Akwa Ibom Ranks 2nd Most Preferred Foreign Investors’ Destination

Akwa Ibom Ranks 2nd Most Preferred Foreign Investors’ Destination

Dino Melaye Governor Udom Emmanuel of Akwa Ibom State Leader
FILE: Governor Udom Emmanuel addressing guests at a political event in 2014 before he become the governor

The industrialization drive of Governor Udom Emmanuel has recorded huge success with Akwa Ibom State now rated the second most preferred investment destination with $18.36 in Foreign Direct Investment, FDI, and Other Investment components of capital importation behind Lagos.

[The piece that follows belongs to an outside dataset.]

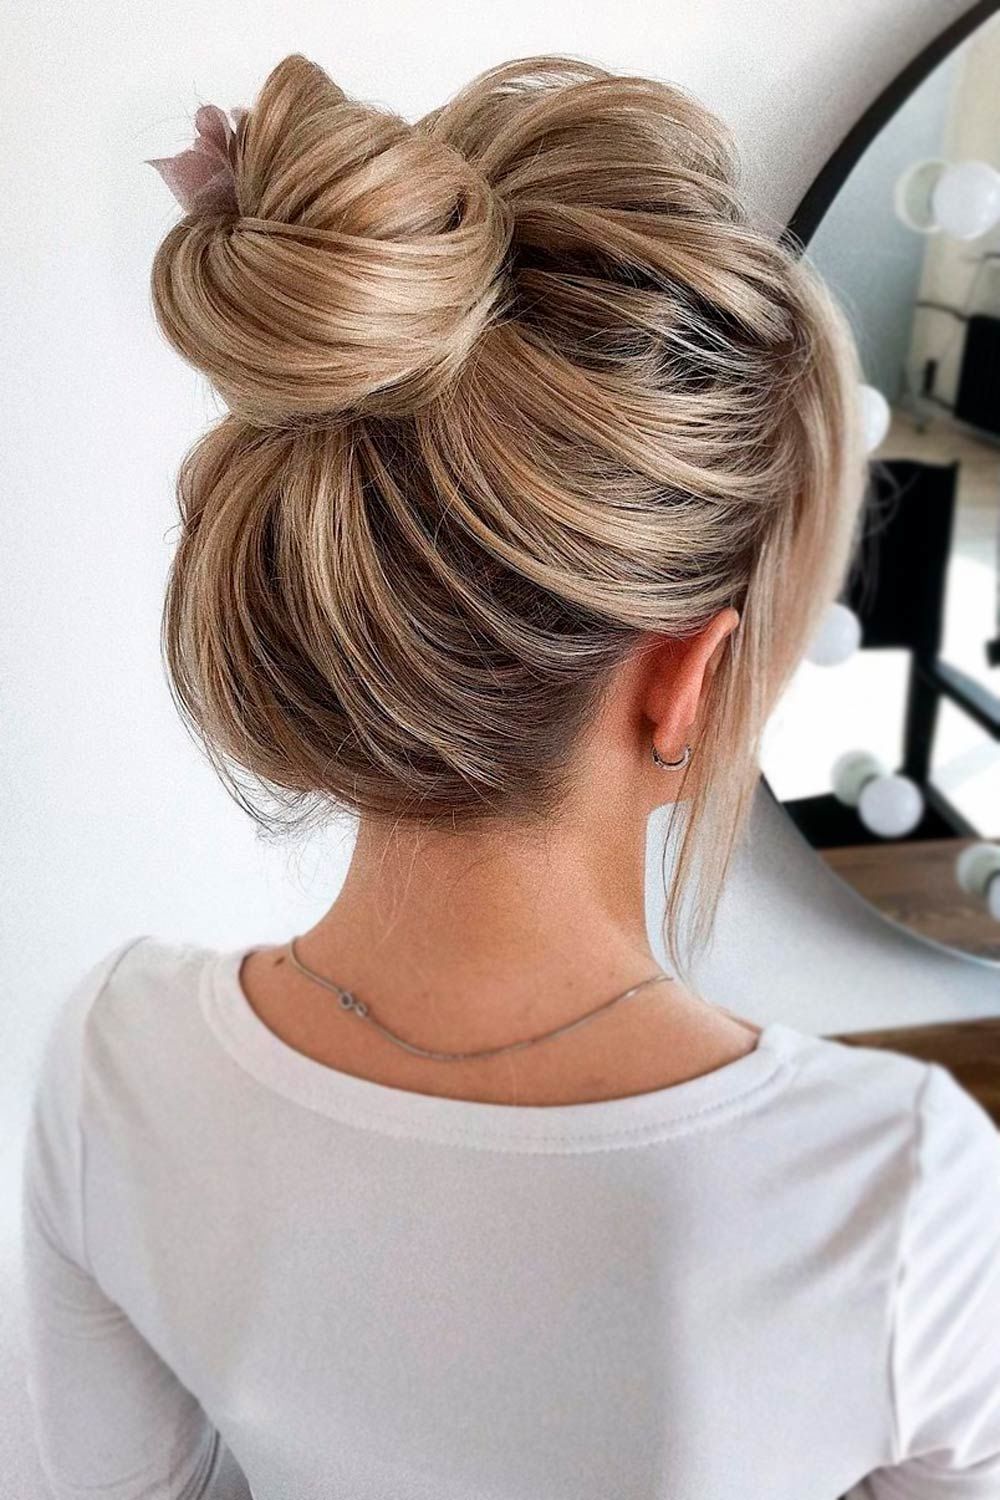 Easy Buns For Hot Weather

The National Bureau of Statistics (NDS) in its report for first quarter, yesterday, announced that Akwa Ibom is the second largest foreign exchange attraction from importation of development capital in Nigeria as at the end of the first quarter of this year.

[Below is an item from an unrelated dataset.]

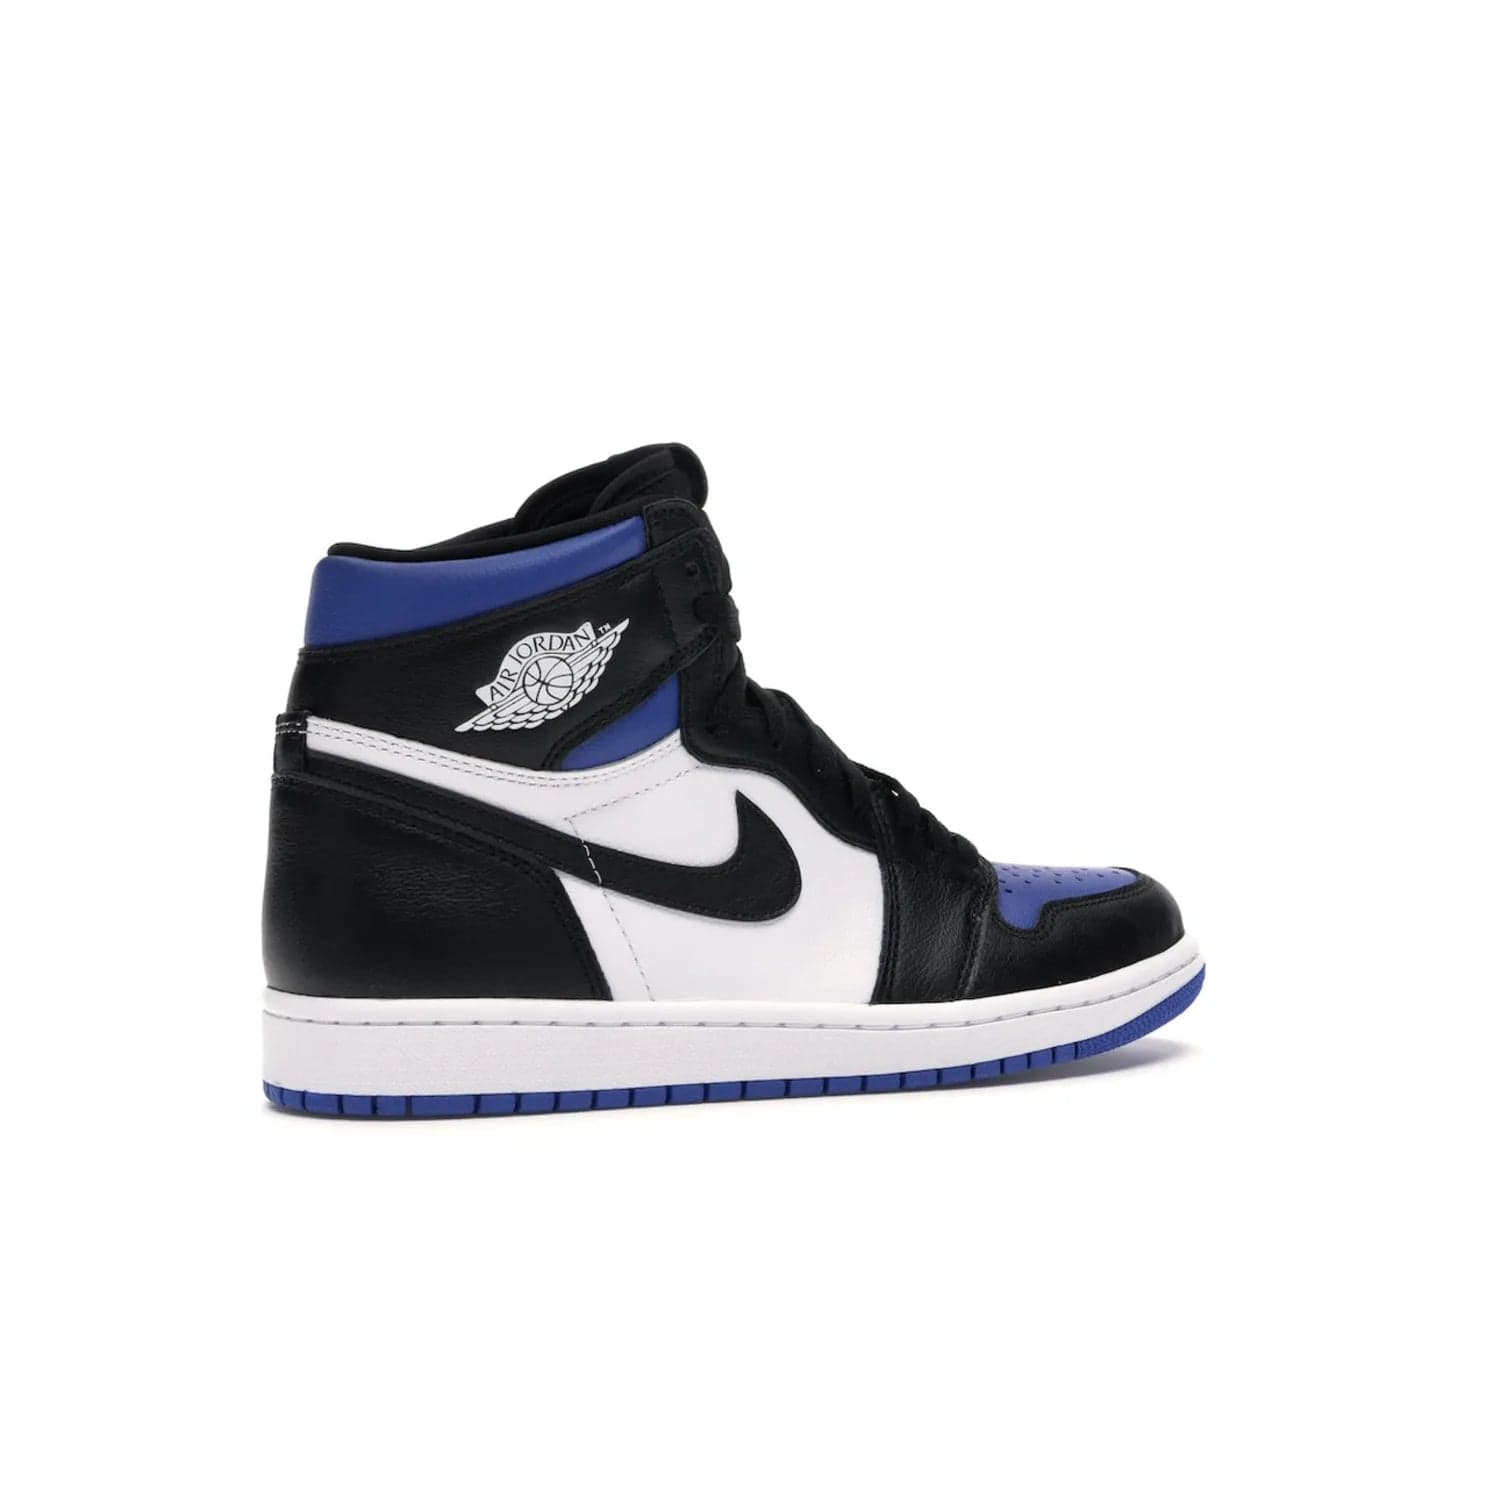 Jordan 1 Retro High Royal Toe - Image 34 - Only at www.BallersClubKickz.com - Refresh your look with the Jordan 1 Retro High Royal Toe. This classic AJ 1 sports a white and royal leather upper, black leather overlays, and branded leather tongue tag. Pick up today and set the streets ablaze.

Lagos State remained the top destination of the capital importation, accounting for 95.32 percent of all inflows, although slight decrease in its share relative to the previous quarter at 96.38 per cent.

The Akwa Ibom State Governor and former executive director at Zenith bank, Udom Emmanuel has attracted investments running into billions of naira to the oil rich state, some of which include a syringe factory, metering company, flour mill and alternative funding partnership with Chinese construction firm, Wizchino Ltd.

Mr Emmanuel has also initiated local investment drives with the establishment of a toothpick and pencil factory, the first in the country, a hatchery and the resuscitation of the state owned peacock paints limited to create jobs.

FDI inflow into Akwa Ibom State is second best in Nigeria and higher than all the five southeastern states combined.
Meanwhile, Nigeria’s capital importation in the first quarter of 2017 lost about $640 million to settle at $908.3 million, which is 41.4 per cent decline from $1.55 billion recorded in the fourth quarter of 2016.

The fall in Foreign Direct Investment (FDI) and Other Investment components of capital importation report came after four and three consecutive quarters of increase respectively.

But two research analysts from top six banks in the country, were unanimous in pointing out that the months of January and February this year were low points in the country’s battle against foreign exchange crisis, which may have deterred inflow of investments.

Leading the decline were portfolios under the Other Investment and Foreign Direct Investment (FDI), while Portfolio Investment was the only category to record an increase relative to the previous quarter.

These portfolios are equity contribution in cash or equipment; equity investment in securities at the money market; trade credits; loans; and currency deposits.

The National Bureau of Statistics (NDS) in its report for first quarter, yesterday, said although $908.3 million was smaller than the value of capital imported in the previous quarter, and the second lowest value recorded since 2007, it was an increase of 27.75 per cent relative to the same quarter of 2016.

It however, noted that there was a high-profile sale of bonds denoted in a non-local currency during the quarter, which did not appear in the current data, due to time lag between subscription and actual payment, but would be included in the second quarter report.

Specifically, NBS affirmed that capital importation was particularly low in January, at $187.90 million, the fourth month since 2007, in which capital importation fell below $200 million.

Nearly all of the quarterly fall resulted from declines in capital imported into the telecommunications and oil and gas sectors, which recorded unusually high values in the previous quarter.

Meanwhile, Standard Chartered Bank, Access Bank, Ecobank, Zenith Bank, Stanbic IBTC Bank, Guaranty Trust Bank and United Bank for Africa, were top recipients of the capital inflows.